Along similar lines, it would be great to see the "SIMILE online
content" consolidated to the degree possible.

Right now, as I understand it, we have 3 main sources:
1. The "legacy site": http://simile.mit.edu
2. The "current site": http://www.simile-widgets.org
3. The "Google site": http://code.google.com/p/simile-widgets/

We've all seen lots of confusion on this message board about where to
go for what.  I find myself bouncing around between the three.

At a minimum, it would be great to have any remaining content copied
from the "legacy site" to the "current site".  The "legacy site" URL
could simply auto-forward to the "current site".  I'm guessing the
major benefit of using the "Google site" is for the development tools
(source code control, issue tracking, etc).  I presume that this might
be a little trickier to consolidate (into the "current site").
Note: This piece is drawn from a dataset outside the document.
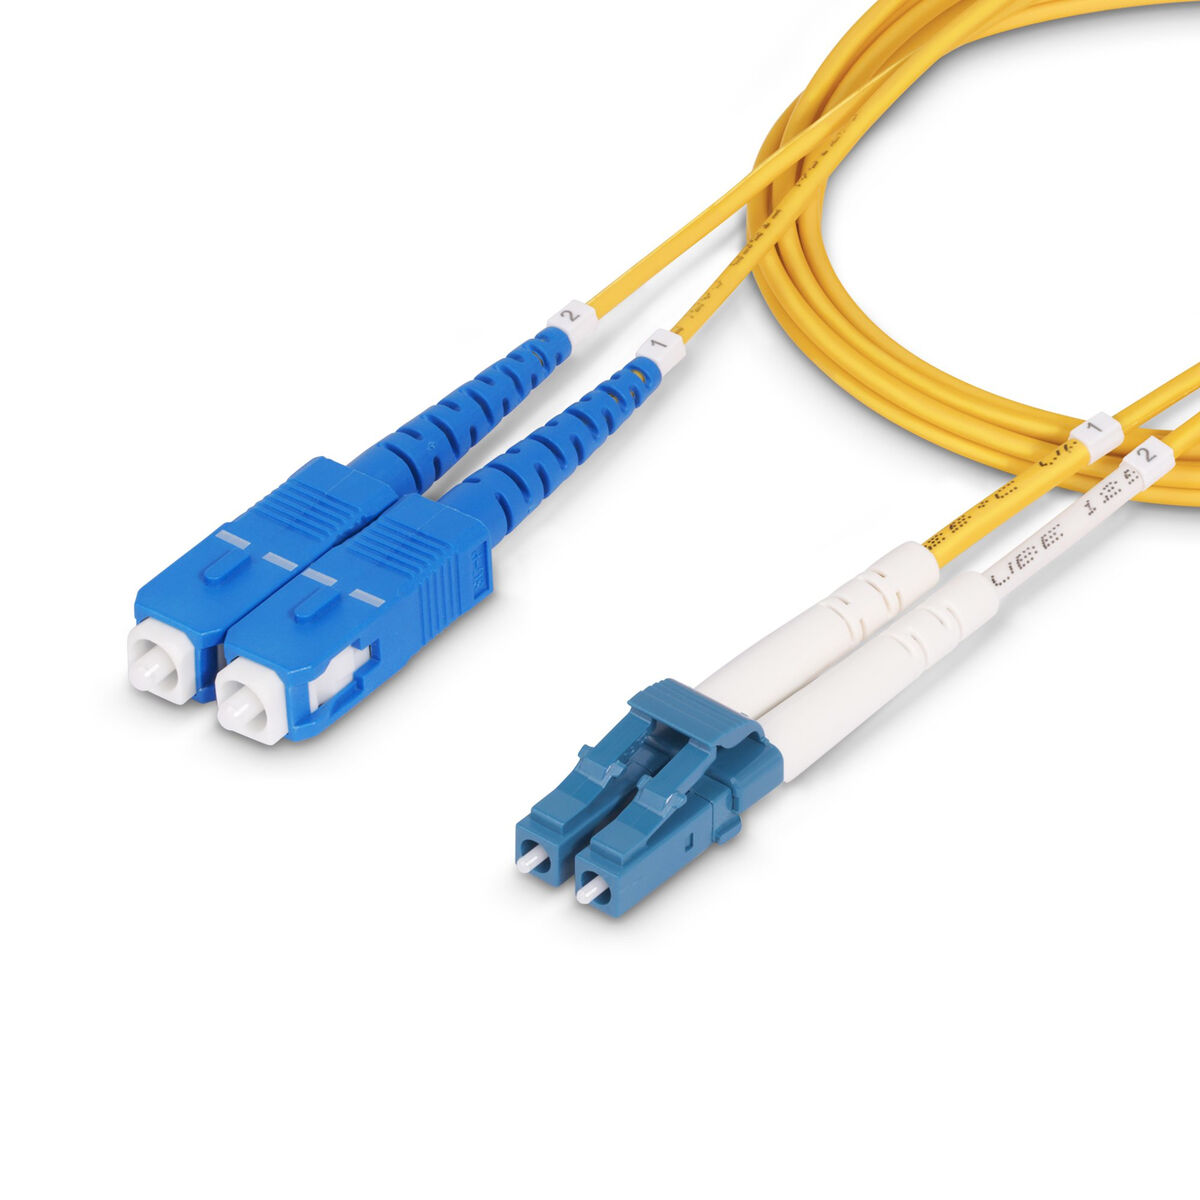 Osta tuote USB-Kaapeli Startech SMLCSC-OS2-1M Keltainen 1 m (1 osaa) verkkokaupastamme Korhone: Urheilu & Vapaa-aika 10% alennuksella koodilla KORHONE

As of right now, I can dedicate some time to any of the documentation/
housekeeping efforts (with a little direction).  Just let me know
directly how/if I can help.

-Mark


On Jun 4, 7:43 am, David Karger <[email protected]> wrote:
> John, I'm reasonably certain we've defaulted to (1) because both (2) and
> (3) require more substantial coordination and management, which we
> haven't been able to offer from within the simile team (too little
> manpower).  I doubt (2) could work since it requires all contributors to
> code a certain way.  I'd love to see (3) but that requires some people
> to step forward to join the doc team.
>
> John Callahan wrote:
> > Before I went ahead and started making suggestions about if SIMILE needs
> > a CMS vs a wiki site, I should have stepped back and asked what the
> > overall documentation strategy is.  I should have probably also asked if
> > there were previous discussions about community building plans and how
> > things have gone the past few years.  Sorry about that.  So, I started
> > this new thread.  :-)
>
> > What is the overall documentation strategy?
>
> > 1) complete community contributed documentation in a wiki/CMS, including
> > api references, examples, and HowTo articles.  This seems to be where we
> > are now.
>
> > 2) dynamically derived documentation from the code itself (could use
> > Natural Docs,http://www.naturaldocs.org/or similar, e.g.,
> >http://dev.openlayers.org/releases/OpenLayers-2.7/doc/apidocs/files/O...)  
> > This would require the authors to add much more info the code.  
> > Community would contribute examples and general articles.
>
> > 3) select a documentation team to create api reference and other
> > FAQs/important info.  (could use Sphinx,http://sphinx.pocoo.org/or
> > similar, from restructured text, e.g.,
> >http://mapserver.org/documentation.html)  Community would again
> > contribute examples and general articles but under the guidelines of the
> > doc team.
>
> > And I'm sure there are many others.   Has this been previously discussed
> > or decided upon?  Any thoughts on best approaches?